Hugh Masekela Inspires Crowds at WOMAD 2012
The Guardian – Music Blog
Photography by Christian Sinibaldi
> Last night, things were just getting going, with appearances from a handful of folk including Dennis Bovell and New Orleans funk outfit the Soul Rebels, both of whom – absolutely typically – I contrived to miss. But the action gets going in earnest today, with the likes of Hugh Masekela, Jimmy Cliff and – the band I’m most looking forward to – Lo’Jo, who play the Siam Tent at some point gone midnight: so after this Olympics hoohah in London. I hope I’m still awake then.
> 4.40pm: Hi, Caspar here again, retreating into the sanctuary of the backstage area – it’s hot out there. And so far, it’s been inspiring. Hugh Masekela kicked things off on the main stage, and looked very much – dressed all in black – like the coolest 73-year old of all time.
Then he came back to this backstage area, where we filmed him giving a solo performance of Louis Armstrong’s Rockin’ Chair. Masekela met Armstrong when he was studying at the Manhattan School of Music in New York in the early 60s, after he left South Africa following the Sharpeville Massacre. So to have him give me a little hug before out filming was slightly mind blowing. We should have the results of that filming on the site early next week.
Someone else asked Masekela about he’d like the crowd at Womad to take away about South Africa from his performance here. “I don’t go on stage for South Africa, I go on stage for the audience,” he said. “All the rest is bullshit.”
> 6.06pm: And this is Robin Denselow. I didn’t make the first Womad, but I’ve been lucky enough to get to most of them over the past 30 years…and this has started off as a suitably impressive birthday celebration, though perhaps without a really massive ‘must see’ act one might have expected (though the new Robert Plant band, who I saw in London a couple of weeks back will make suitably impressive headliners on Sunday night).
So far we’ve had a solidly impressive opening set from the great Hugh Masekela, who has already been seen in London this year playing at Back2Black, Paul Simon’s Graceland, and River of Music. As ever he mixed South African township and jazz influences, and was in great form playing and singing solo backstage. He has long been a great horn player, but his voice is getting better and better.

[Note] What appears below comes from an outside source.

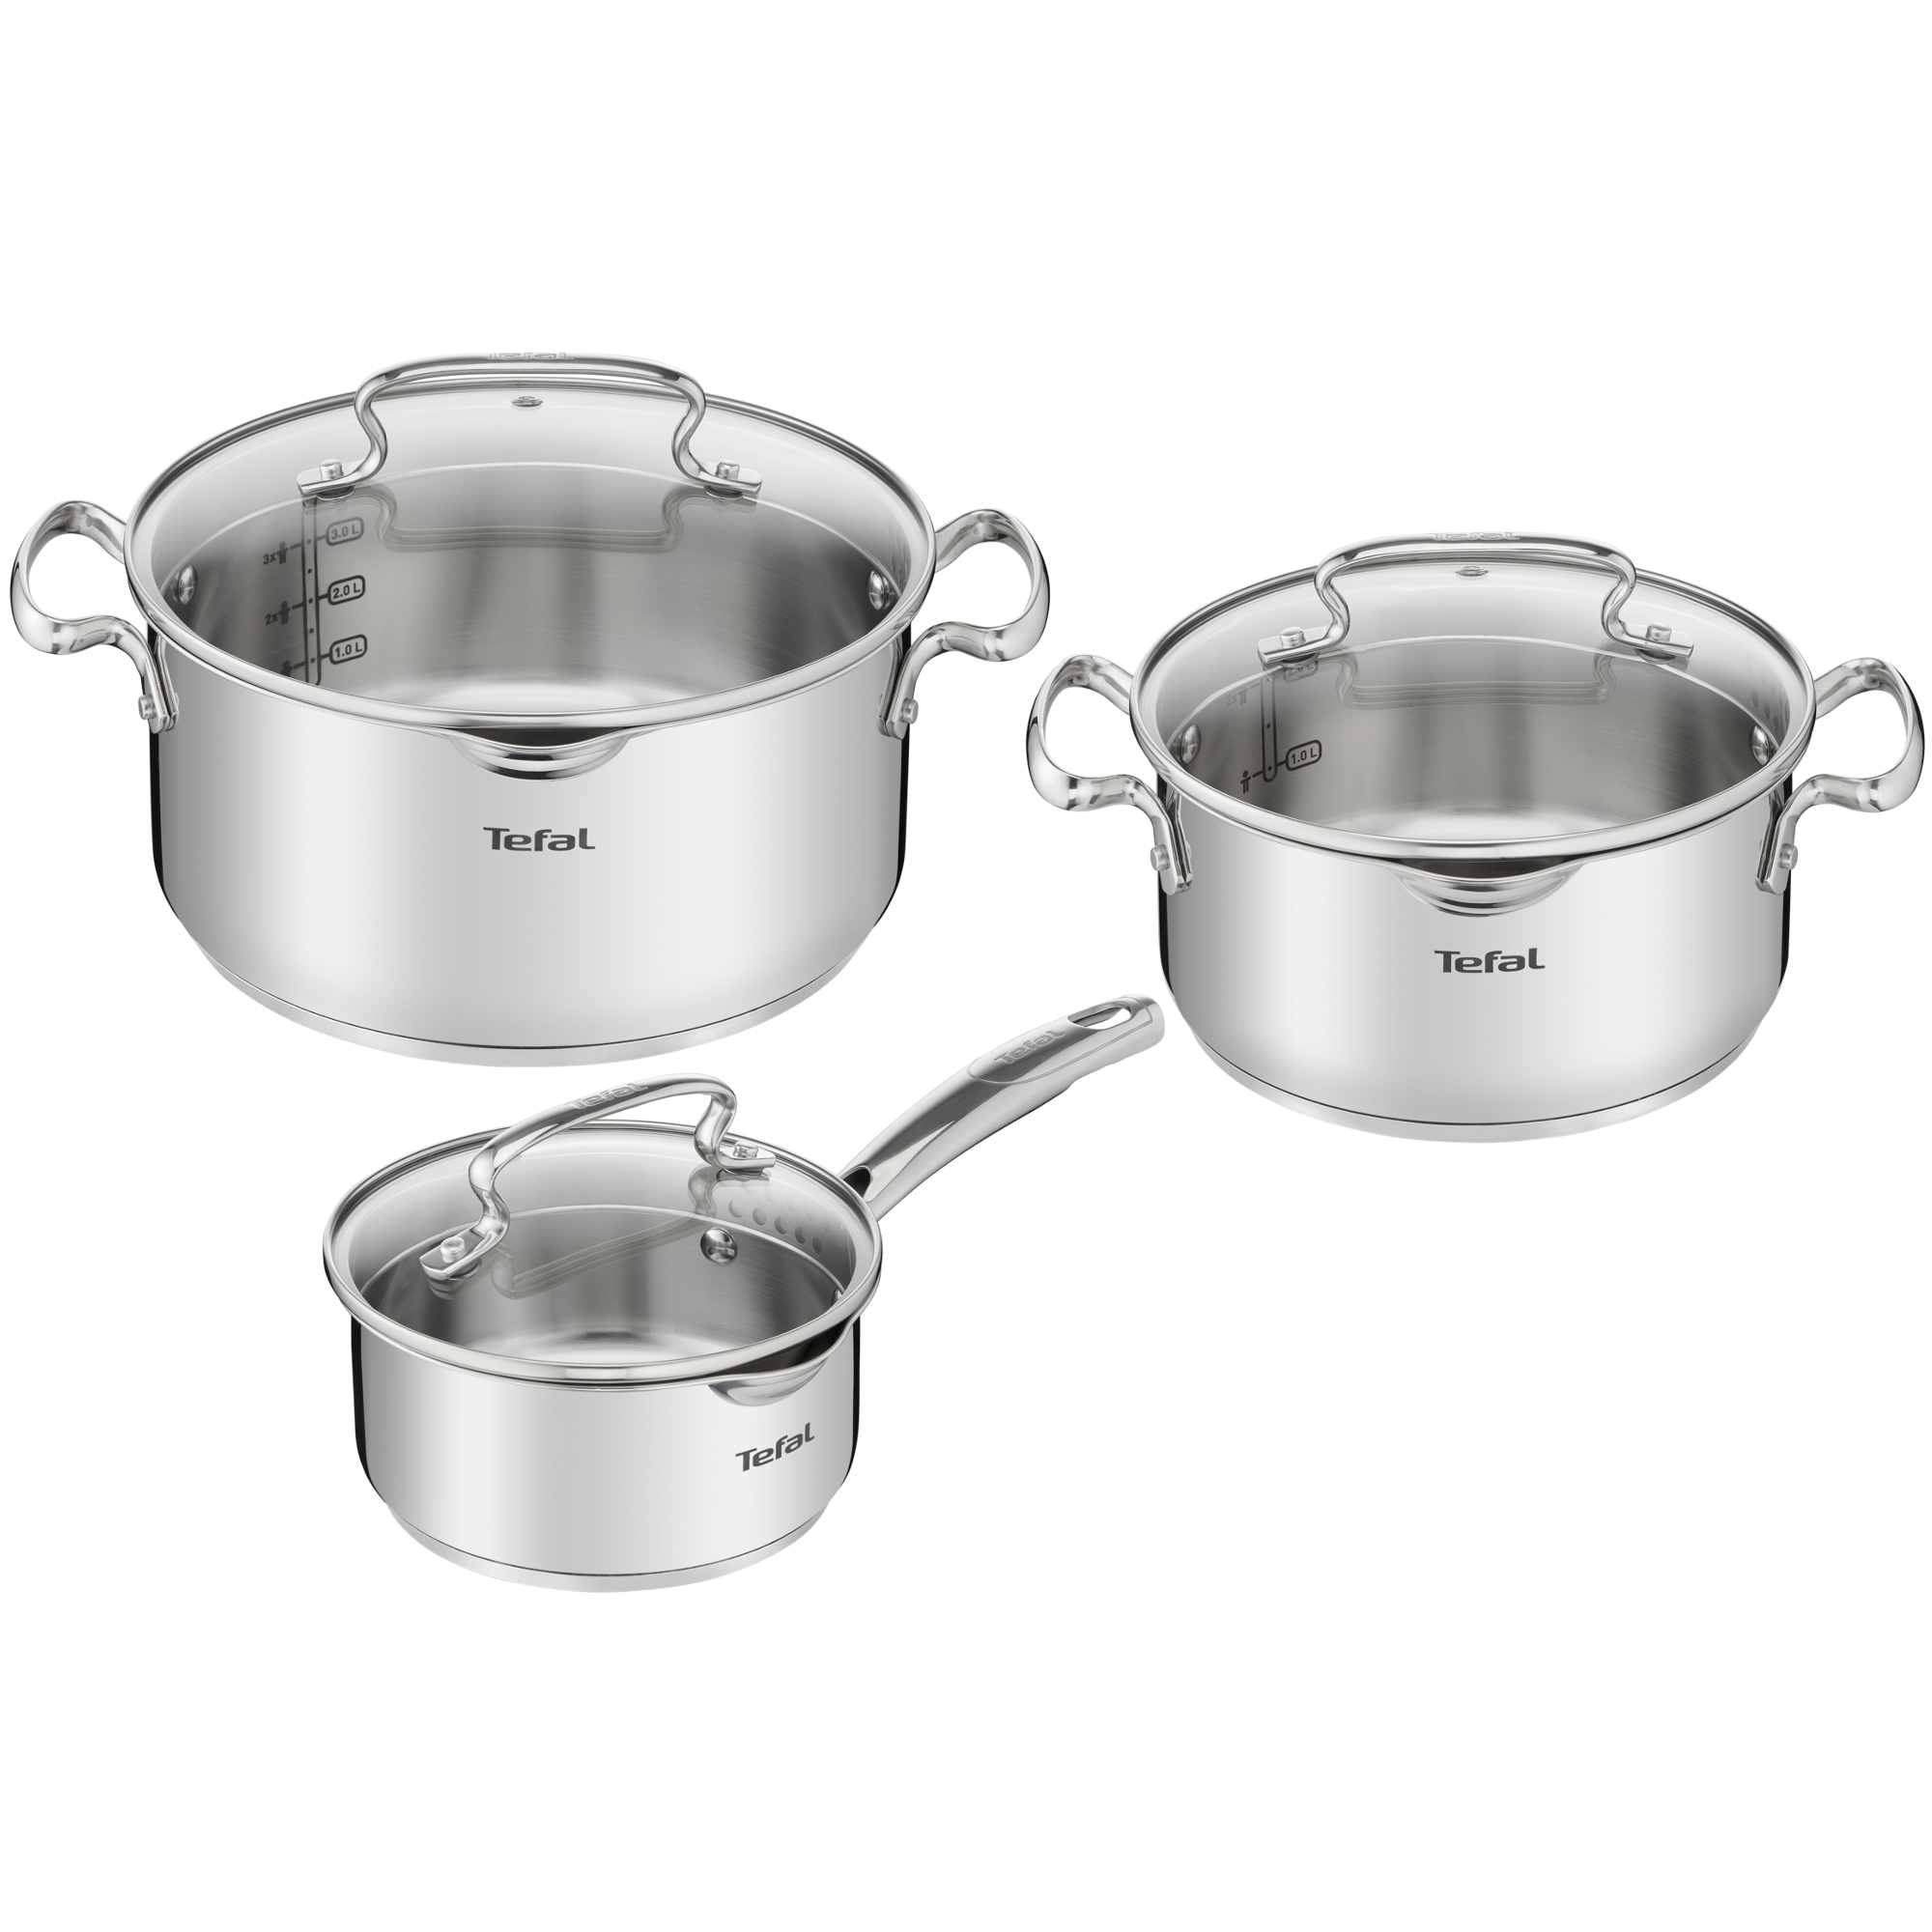 Set of 6 stainless steel pieces (1 saucepan with lid 16 cm + 1 pot with lid 20 cm + 1 pot with lid 20 cm) Tefal
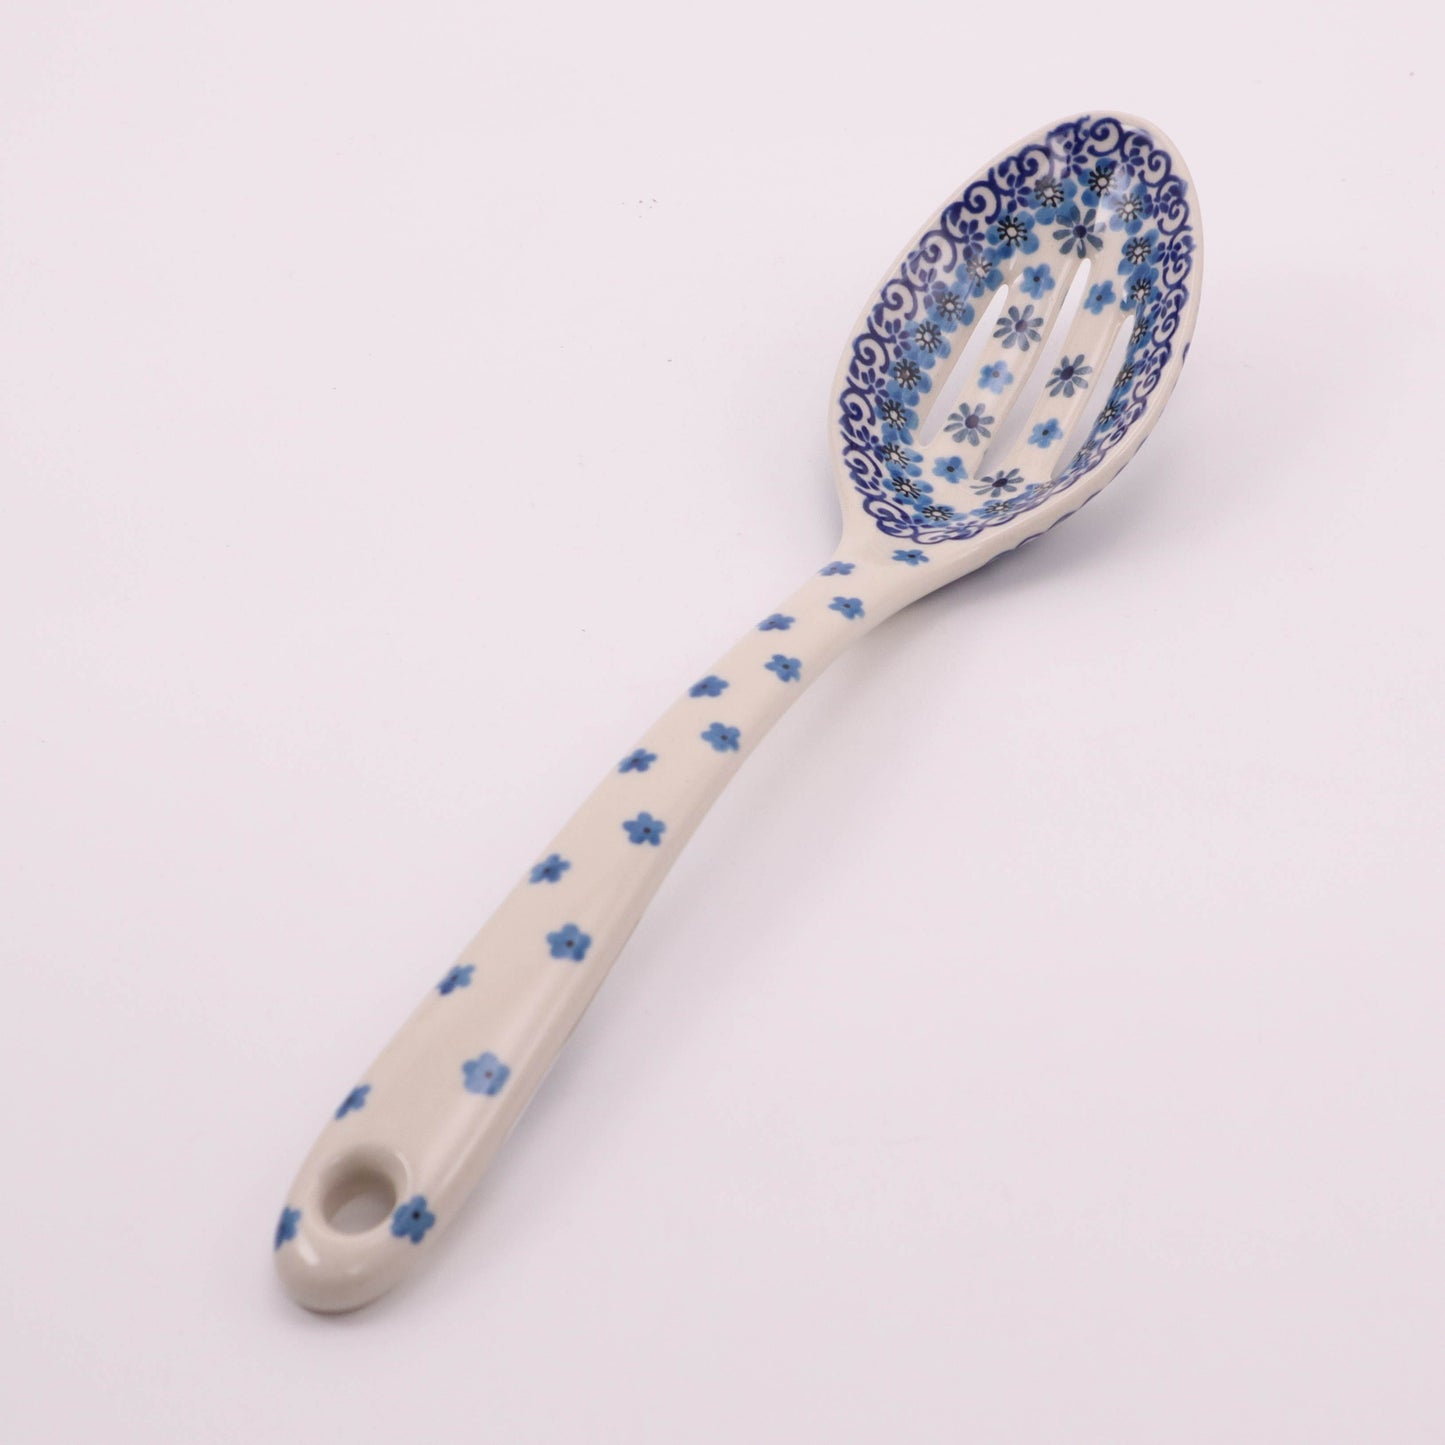 12" Slotted Spoon. Pattern: Country Charm

WOMAD was once dominated by African bands, but this year the music really is global – and with a greater emphasis on Asia and the Far East. Narasirato from the Solomon Islands in the Pacific came on wearing body paint and not a great deal else, and managed to update the sound of that much maligned instrument, the pan-pipes. There were seven players performing on different bamboo flutes, and even two of the percussionists were bashing at bamboo. It worked, because of their slick, energetic and rhythmic playing – though they could have done with a little more variety in their full-tilt set.